* [Aim of the exercise] Transcribe only the lines of the listing below from the one holding "Peace, Love, and" through the one holding "This pillow features Oompa", inclusive, without any change.

* [Input records]
┌────────
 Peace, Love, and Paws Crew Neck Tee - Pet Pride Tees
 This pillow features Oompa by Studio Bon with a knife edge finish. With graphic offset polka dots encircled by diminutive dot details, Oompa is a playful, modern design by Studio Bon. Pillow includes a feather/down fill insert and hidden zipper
└────────
┌────────
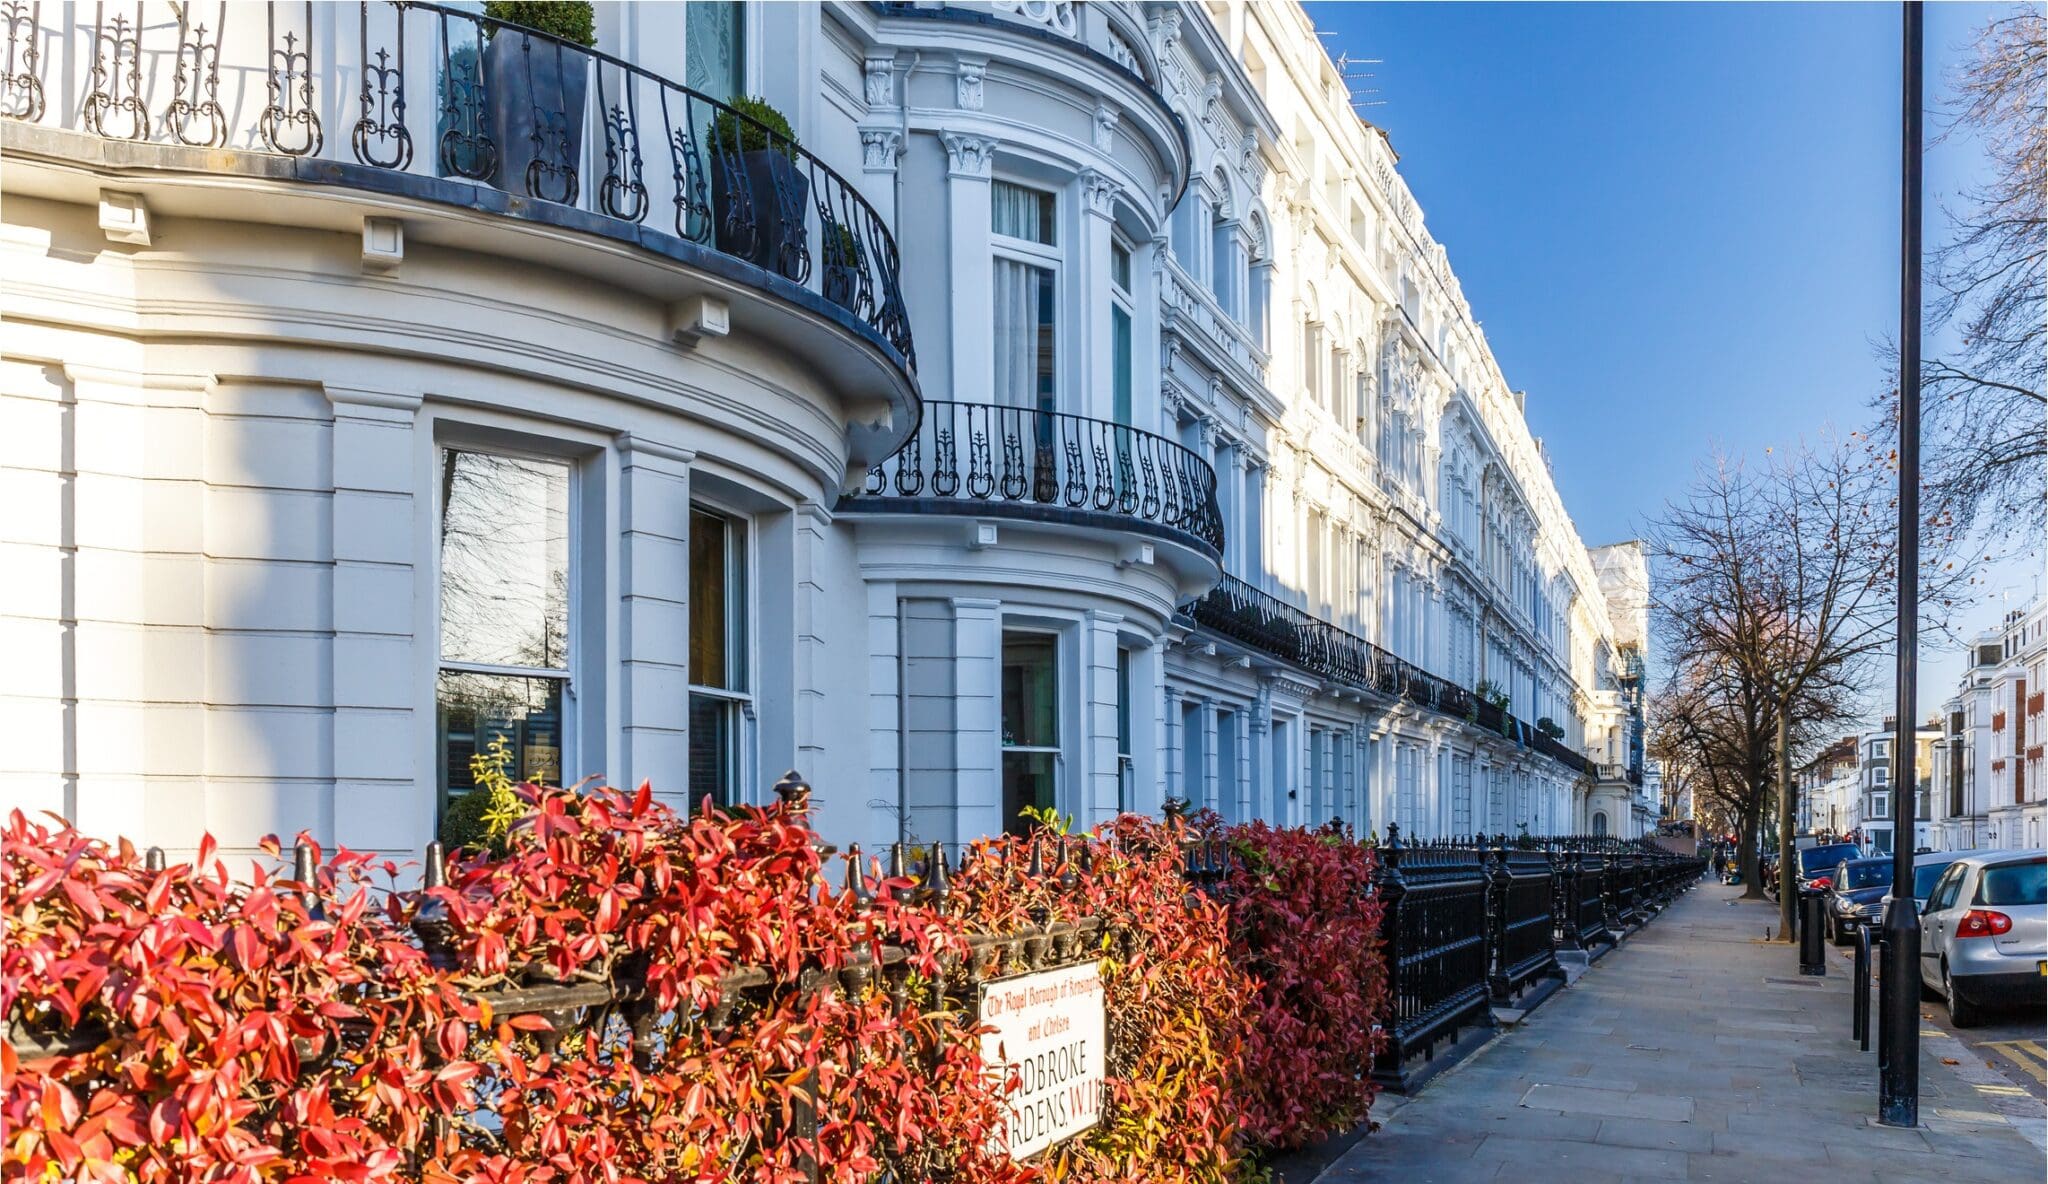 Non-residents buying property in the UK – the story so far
└────────
* [Exercise output]
 Peace, Love, and Paws Crew Neck Tee - Pet Pride Tees
 This pillow features Oompa by Studio Bon with a knife edge finish. With graphic offset polka dots encircled by diminutive dot details, Oompa is a playful, modern design by Studio Bon. Pillow includes a feather/down fill insert and hidden zipper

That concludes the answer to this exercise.